Available data START

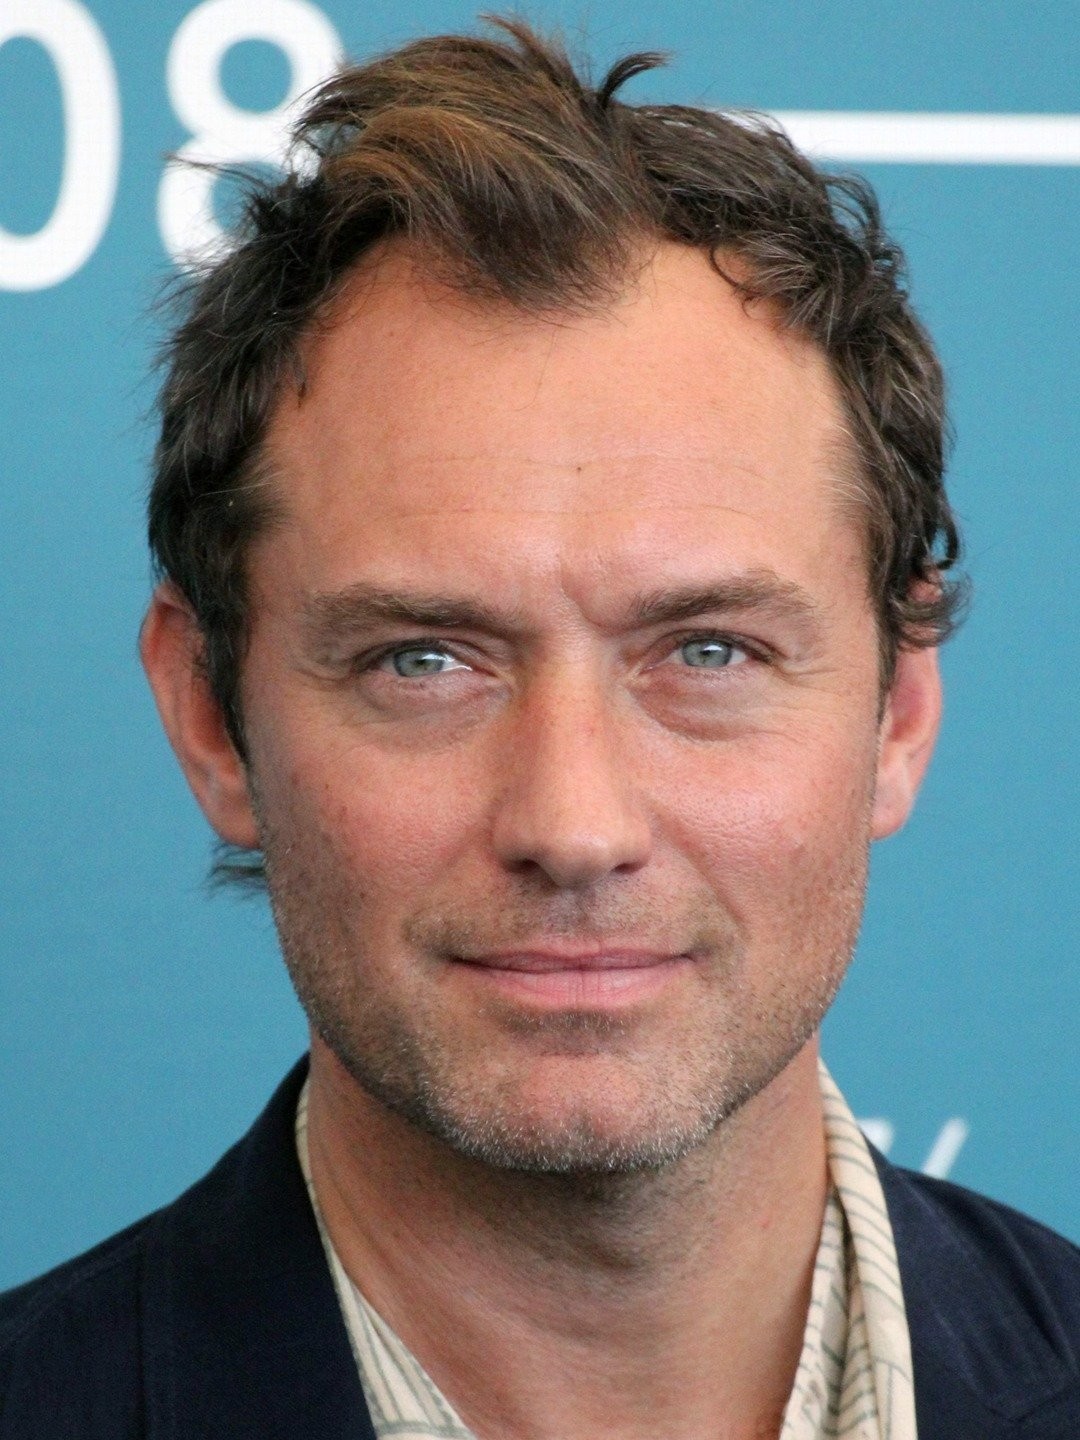 jude law named after
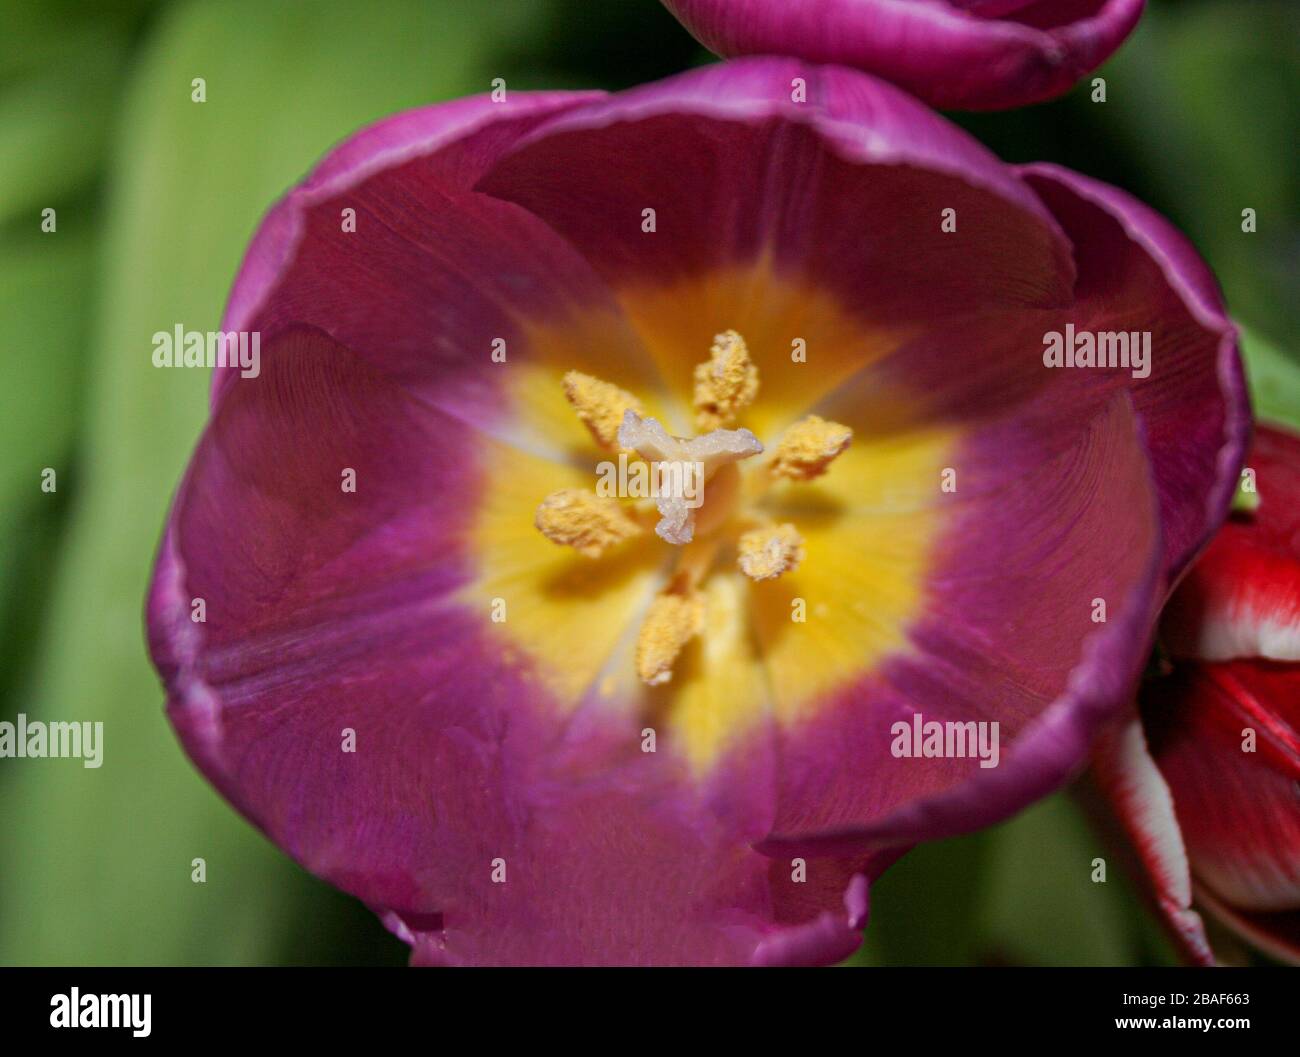 A close up of a purple tulip flower showing yellow pollen and stigma. Stock Photo
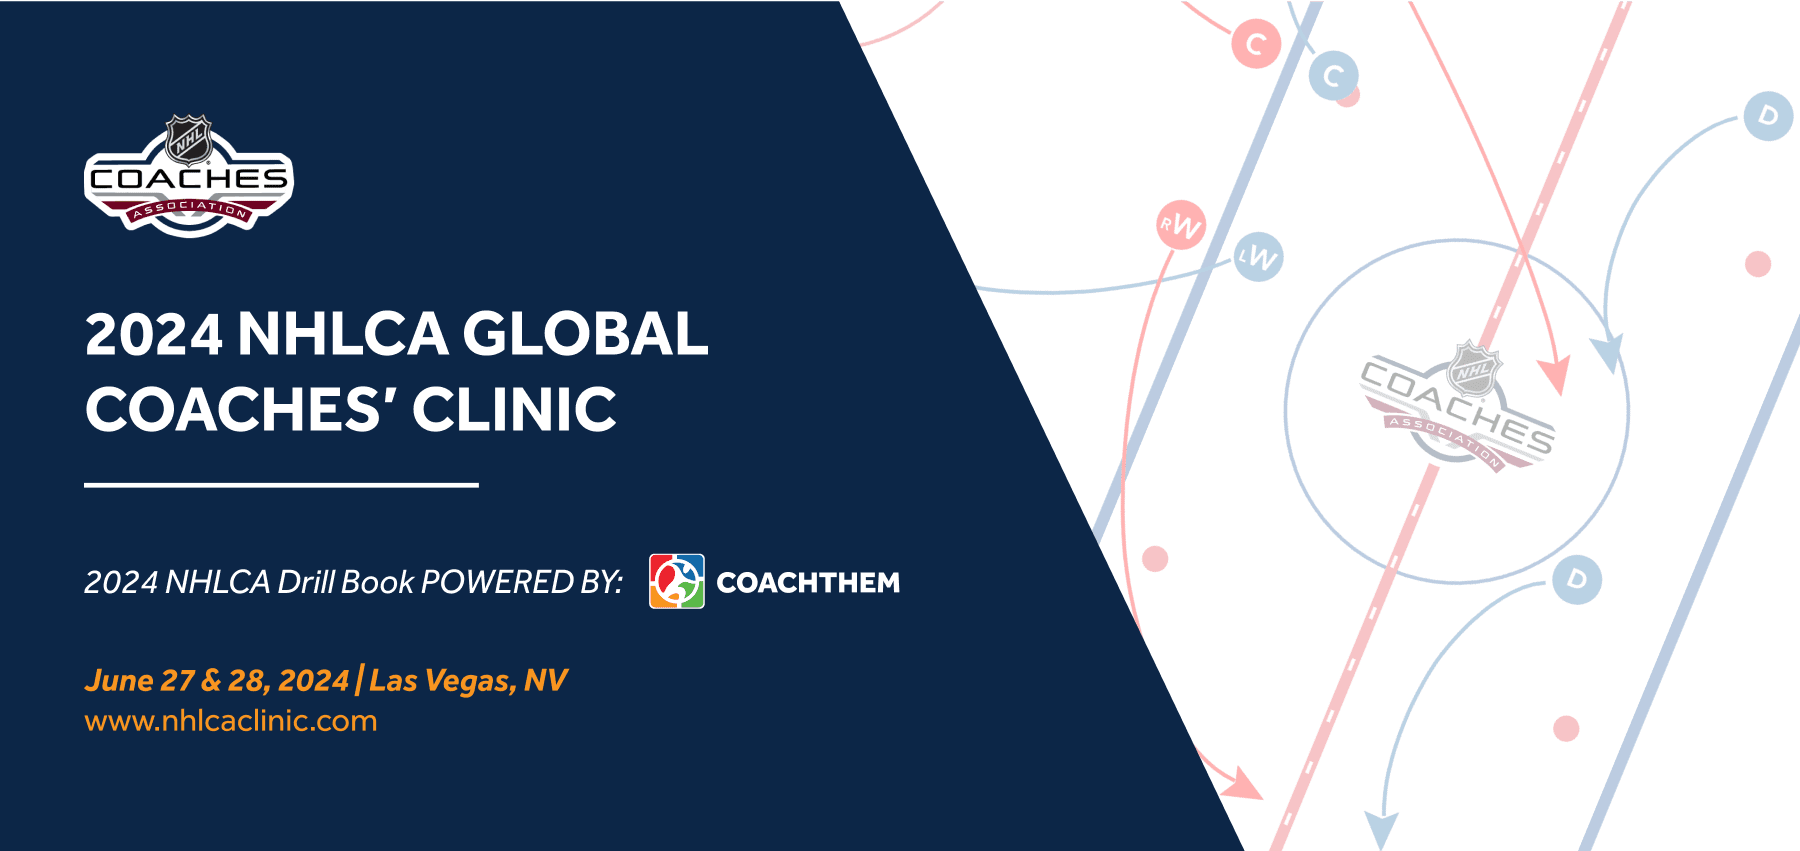 CoachThem Returns to the 2024 NHLCA Global Coaches’ Clinic
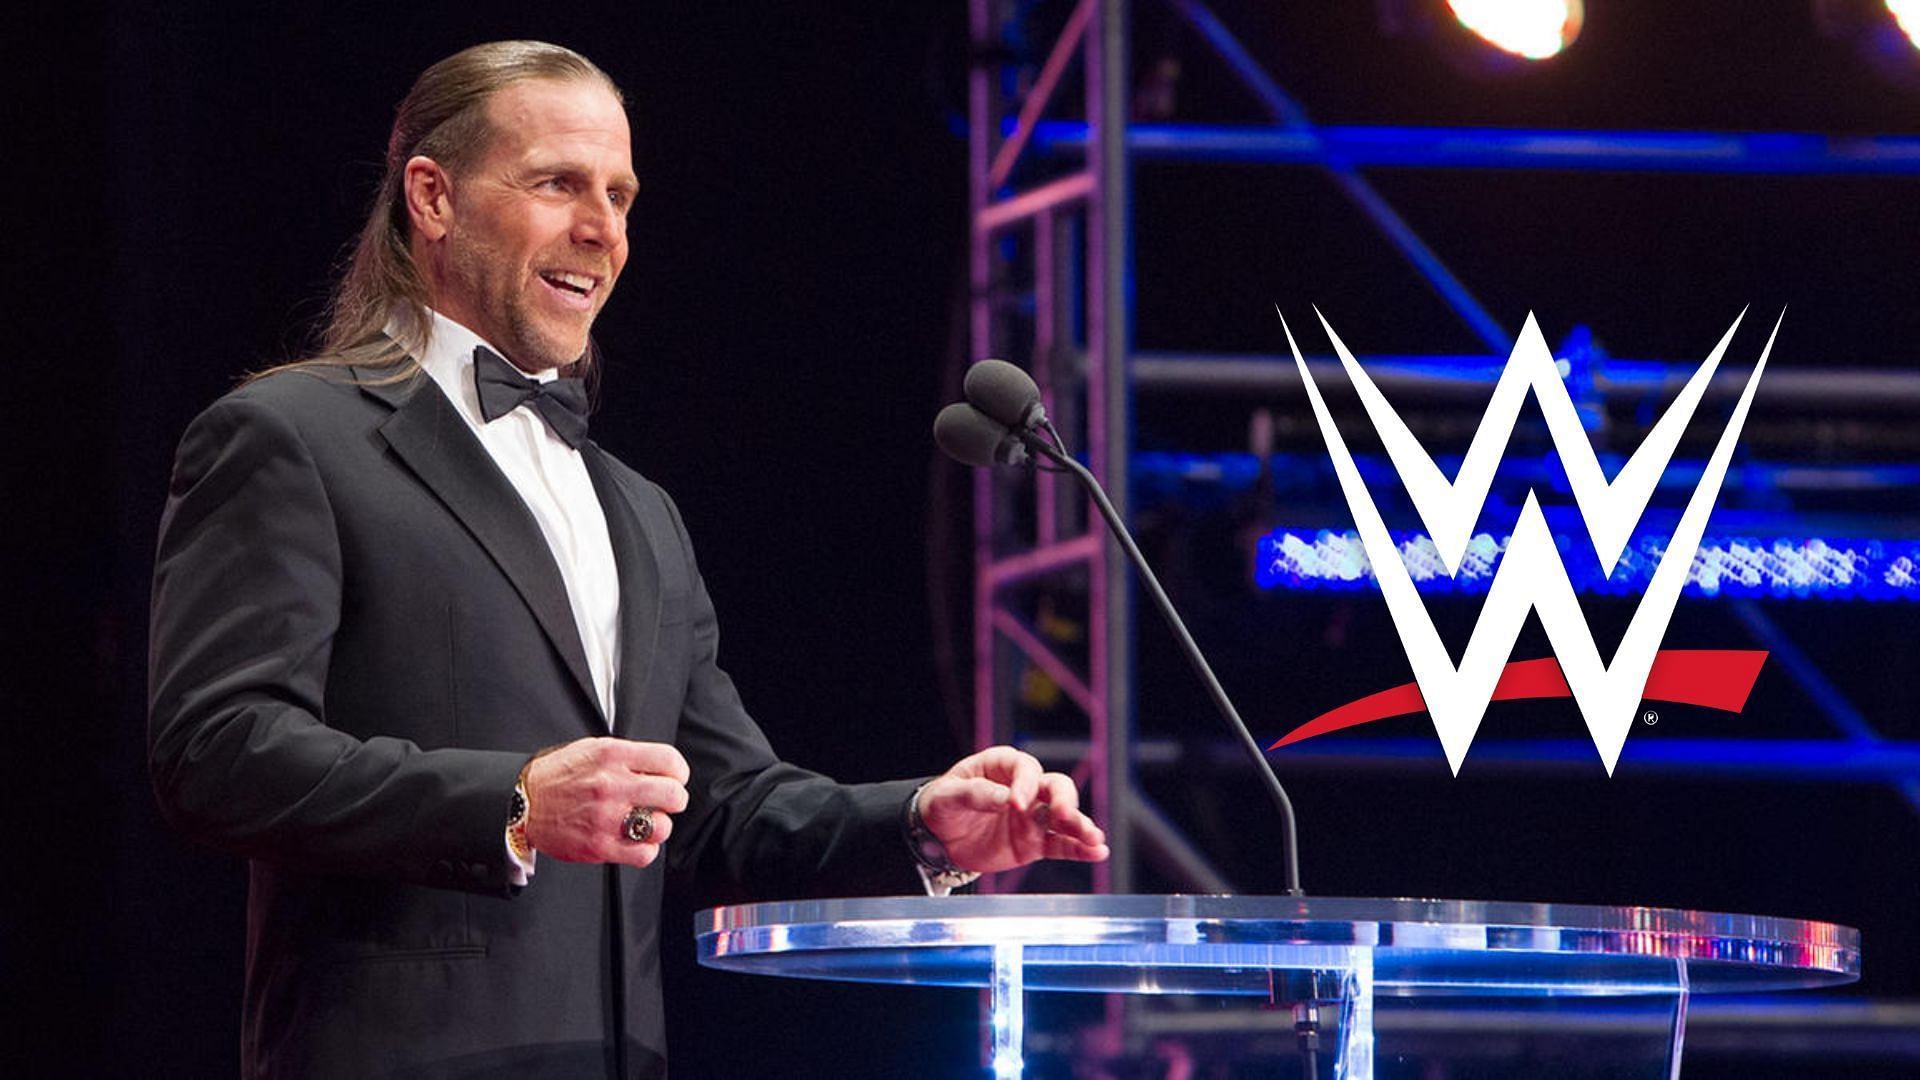 "That was a huge risk" - Shawn Michaels believes match against WWE Hall of Famer deserves more credit
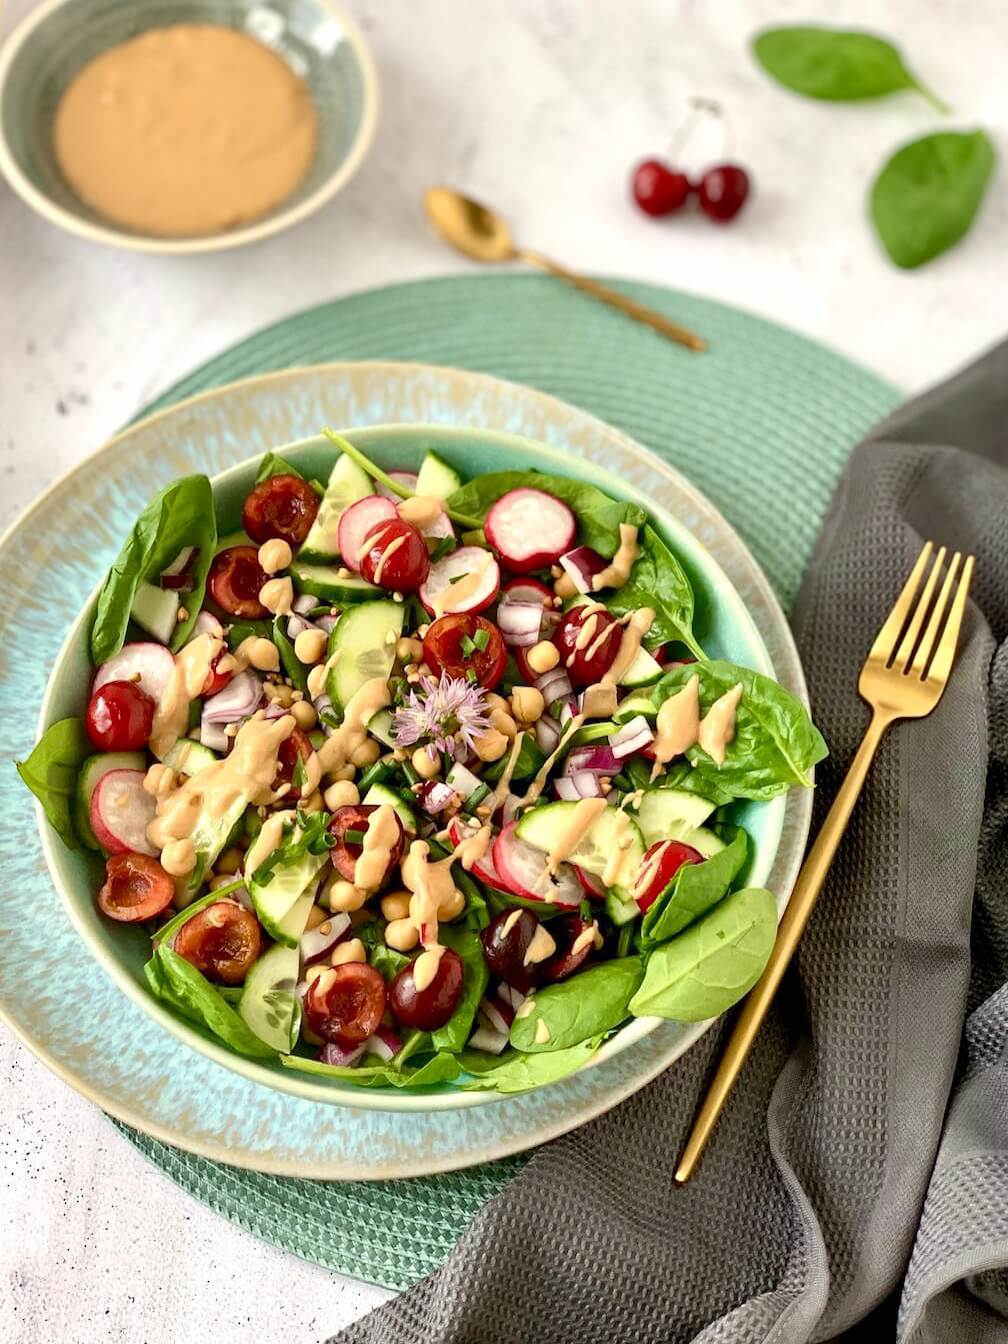 Green Leafy Salad with Cherries 1

Available data END

*What is expected*
Please reproduce the data above word for word, skipping all images.

*Answer box*
 jude law named after
 A close up of a purple tulip flower showing yellow pollen and stigma. Stock Photo
 CoachThem Returns to the 2024 NHLCA Global Coaches’ Clinic
 "That was a huge risk" - Shawn Michaels believes match against WWE Hall of Famer deserves more credit
 Green Leafy Salad with Cherries 1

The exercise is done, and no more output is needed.